Latifur Khan, University of Texas at Dallas, USA
Title: Generative AI for Social Good, Including Cybersecurity
Abstract: In this presentation, we highlight how generative artificial intelligence and large language models can be applied to major societal challenges:
• Conflict Monitoring: We developed ConfliBERT, a domain-specific language model for analyzing conflict and political violence data. It surpasses general-purpose models in classification and question answering, demonstrating the importance of specialization.
• Cybersecurity: We automated the extraction of cyber attack techniques from Common Vulnerabilities and Exposures reports and Cyber Threat Intelligence reports, mapping them to the MITRE ATT&CK framework. This structured approach enables security analysts to respond more effectively to threats.
• Fairness in Learning from Examples: We introduced JUDGE, a framework for selecting fair and representative examples that improve fairness when large language models make predictions.
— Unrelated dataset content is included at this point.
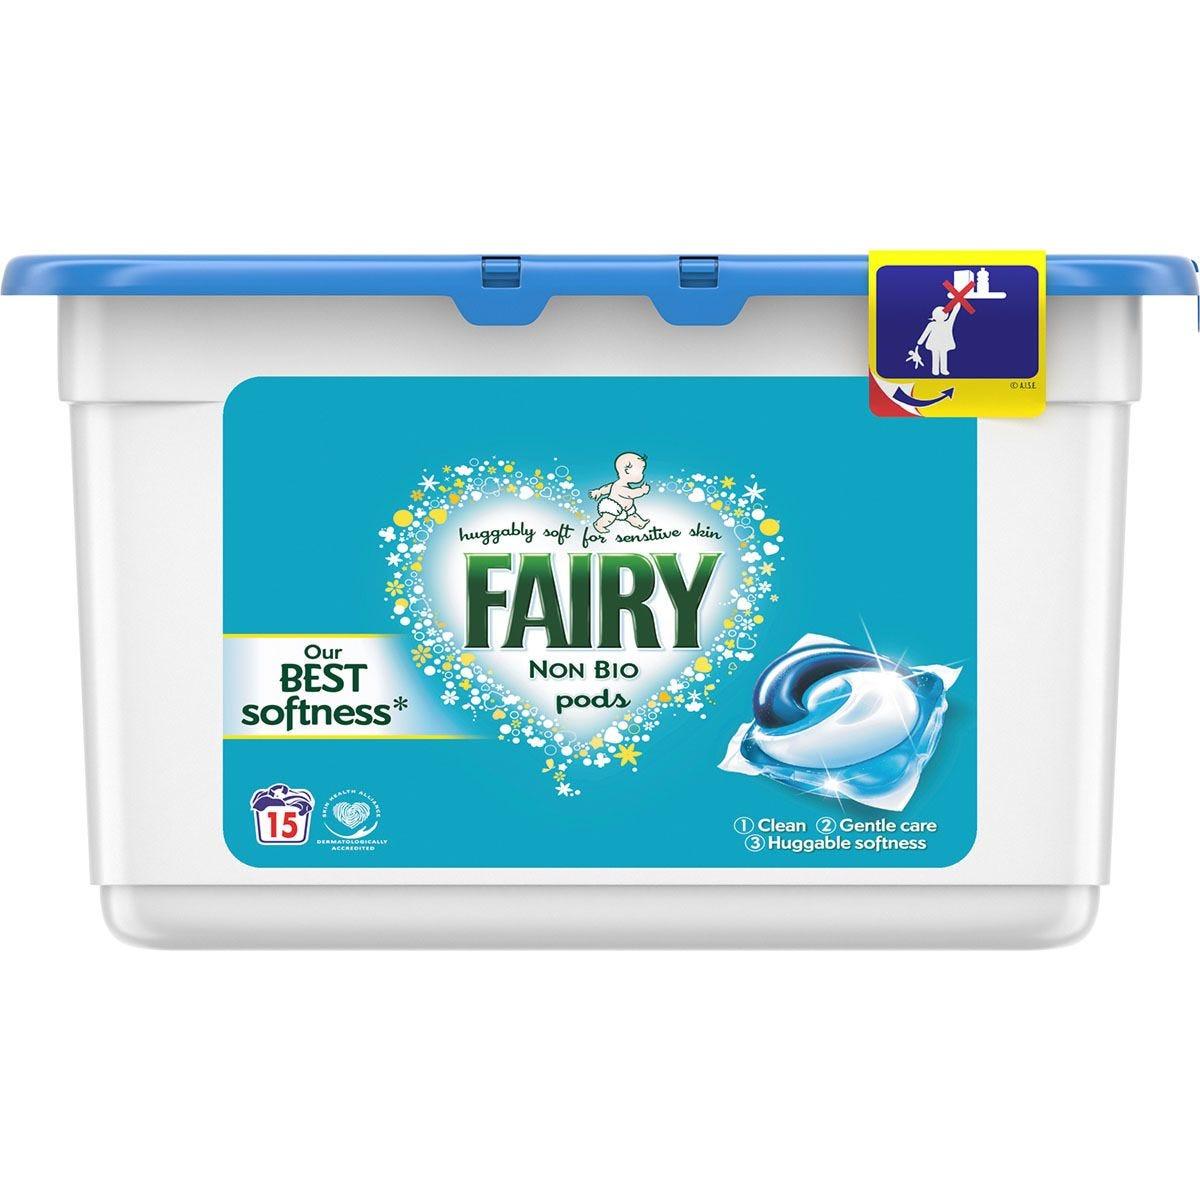 Fairy Non Bio Pods - 15 Washes

• Hallucination Detection: We proposed diversion decoding, a method that challenges generated responses during the decoding process to estimate uncertainty and better detect inaccurate or fabricated content.
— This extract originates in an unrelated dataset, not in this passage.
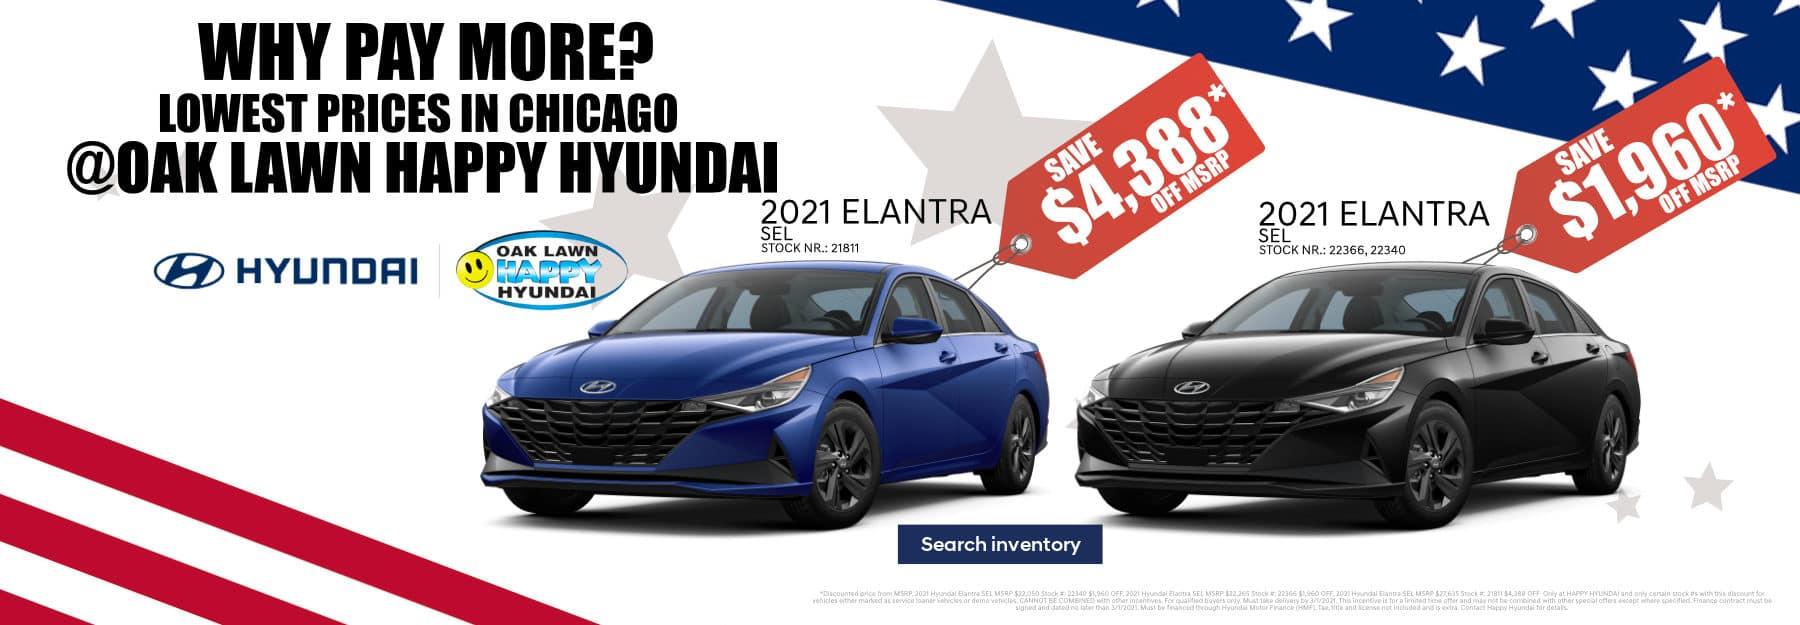 R_February_2021_Elantra Triple Offer_Happy Hyundai

This work is supported by NSF, DOT, ARMY, NSA, AFOSR and NASA (in the past). The ConfliBERT project is a collaboration with Dr. Patrick Brandt and Dr. Jennifer Holmes (School of Economic, Political, and Policy Sciences, UT Dallas).
Bio: Dr. Latifur Khan is currently a full Professor (tenured) in the Computer Science department at the University of Texas at Dallas, USA where he has been teaching and conducting research since September 2000. He received his Ph.D. degree in Computer Science from the University of Southern California (USC) in August of 2000. Dr. Khan is a fellow of IEEE, AAAS, IET, BCS, and an ACM Distinguished Scientist. He has received prestigious awards including the IEEE Technical Achievement Award for Intelligence and Security Informatics, IEEE Big Data Security Award, and IBM Faculty Award (research) 2016. Dr. Khan has published over 300 papers in premier journals and prestigious conferences. Currently, Dr. Khan’s research focuses on big data management and analytics, data mining and its application to cyber security, and complex data management including geospatial data and multimedia data. His research has been supported by grants from NSF, NIH, the Air Force Office of Scientific Research (AFOSR), DOE, NSA, IBM, and HPE.